For a reaction between gaseous compounds, `2A + B rarrC + D` , the reaction rate law is rate k[A][B]. If the volume of the container is made `1//4^(th)` of the initial, then what will be the rate of reaction as compared to the initial rate?

To solve the problem, we need to analyze how the change in volume affects the concentrations of the reactants and subsequently the rate of the reaction. ### Step-by-Step Solution: 1. **Understand the Reaction and Rate Law**: The reaction is given as: \[ 2A + B \rightarrow C + D \] The rate law for this reaction is: \[ \text{Rate} = k[A][B] \] where \( k \) is the rate constant, and \([A]\) and \([B]\) are the concentrations of reactants A and B, respectively. 2. **Determine the Effect of Volume Change**: It is stated that the volume of the container is reduced to \( \frac{1}{4} \) of its initial volume. If the initial volume is \( V \), the new volume \( V' \) becomes: \[ V' = \frac{V}{4} \] 3. **Calculate Concentrations**: Concentration is defined as the number of moles of a substance divided by the volume of the container.

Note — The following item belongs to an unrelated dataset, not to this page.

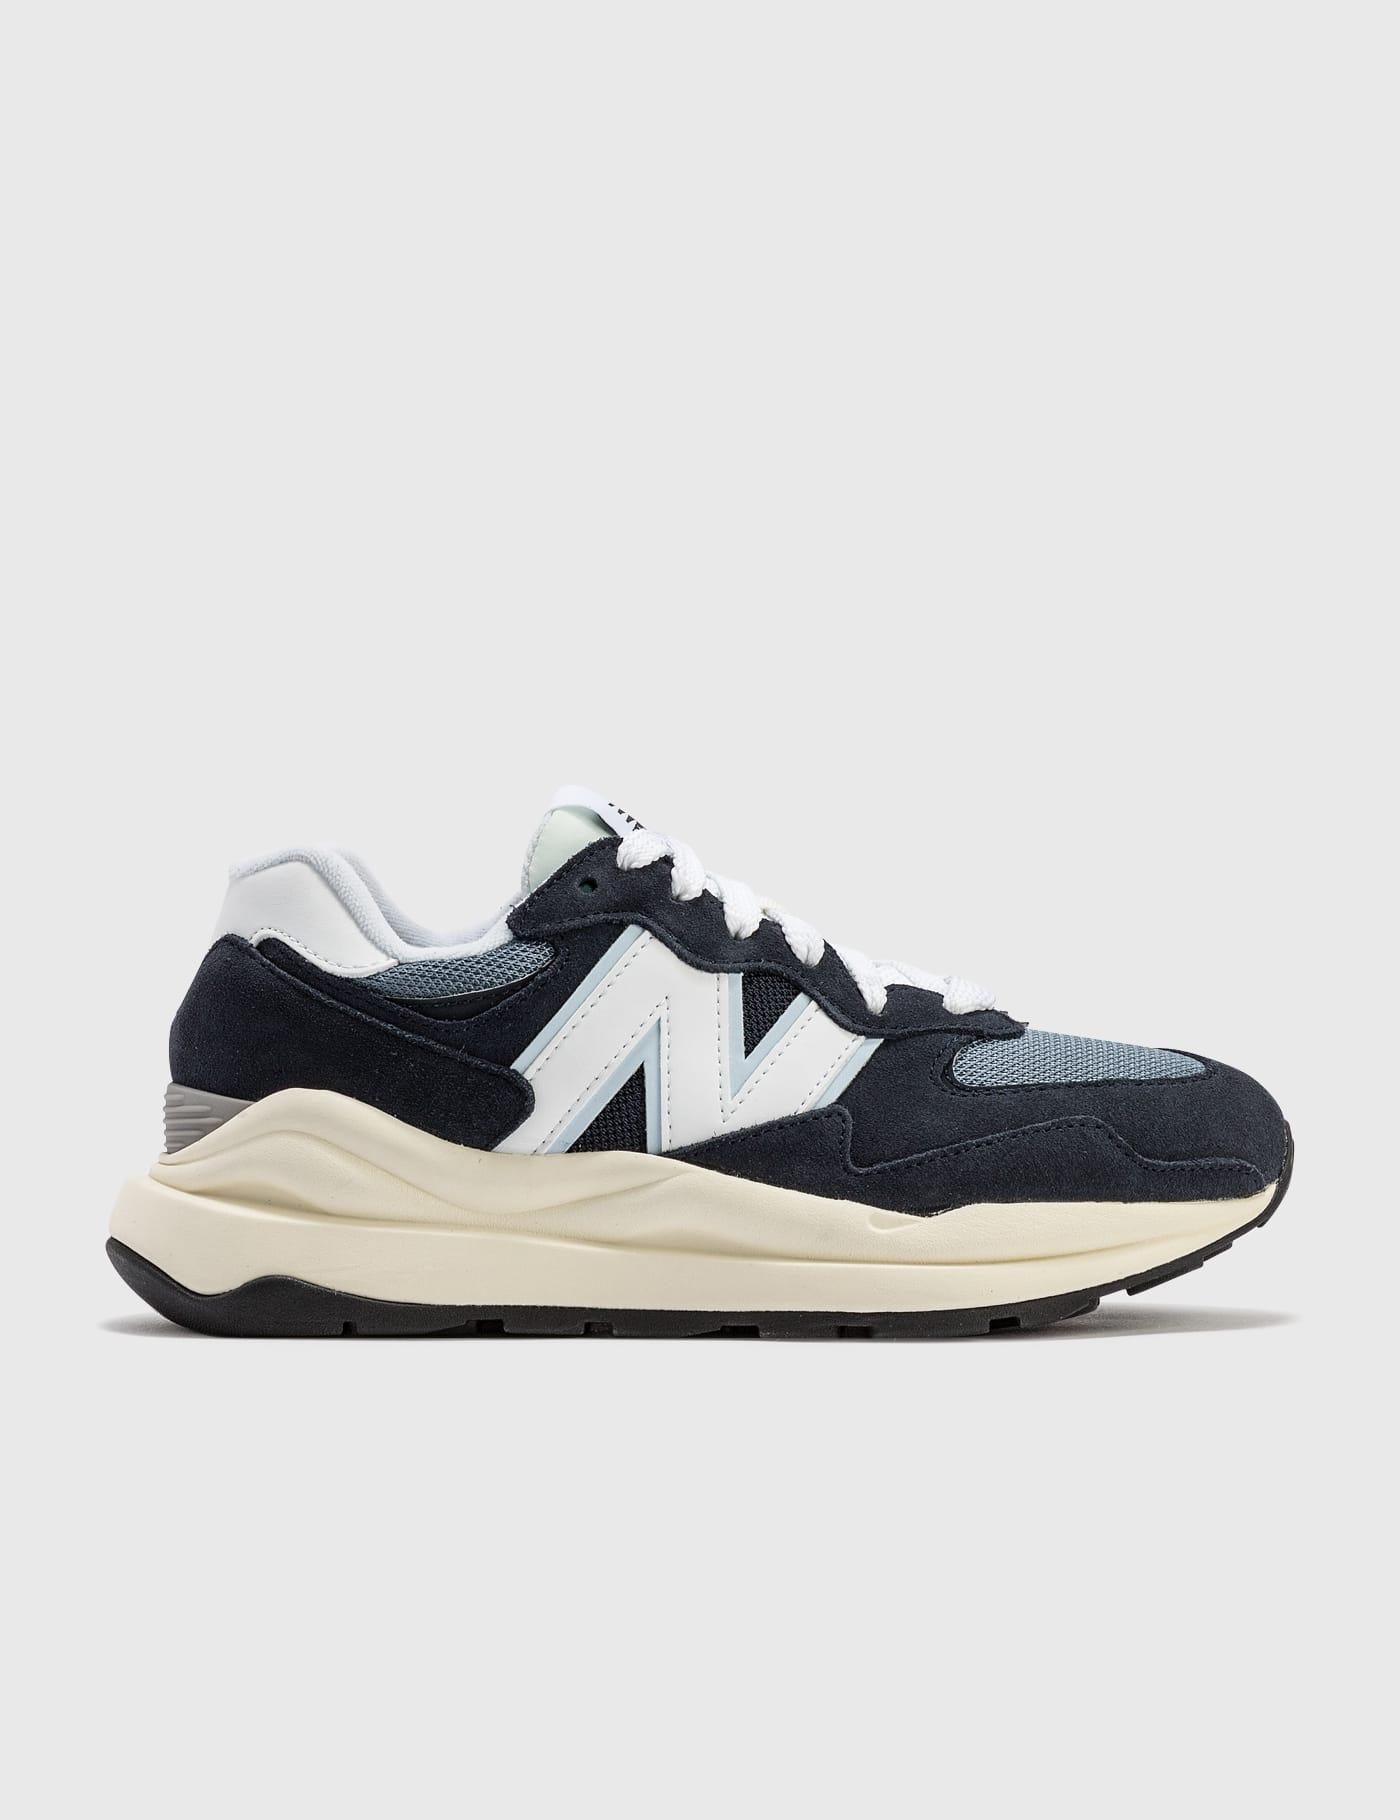 뉴발란스 New Balance 5740

If the number of moles of A and B remains constant, the new concentrations can be calculated as follows: \[ [A]' = \frac{n_A}{V'} = \frac{n_A}{\frac{V}{4}} = \frac{4n_A}{V} = 4[A] \] \[ [B]' = \frac{n_B}{V'} = \frac{n_B}{\frac{V}{4}} = \frac{4n_B}{V} = 4[B] \] Thus, both concentrations of A and B increase by a factor of 4. 4. **Substitute New Concentrations into the Rate Law**: The new rate of reaction \( \text{Rate}' \) can be expressed as: \[ \text{Rate}' = k[A]'[B]' = k(4[A])(4[B]) = 16k[A][B] \] 5. **Compare the New Rate to the Initial Rate**: The initial rate \( \text{Rate} \) is: \[ \text{Rate} = k[A][B] \] Therefore, we can express the new rate in terms of the initial rate: \[ \text{Rate}' = 16 \times \text{Rate} \] ### Conclusion: The rate of the reaction, when the volume is reduced to one-fourth of its initial value, becomes **16 times** the initial rate.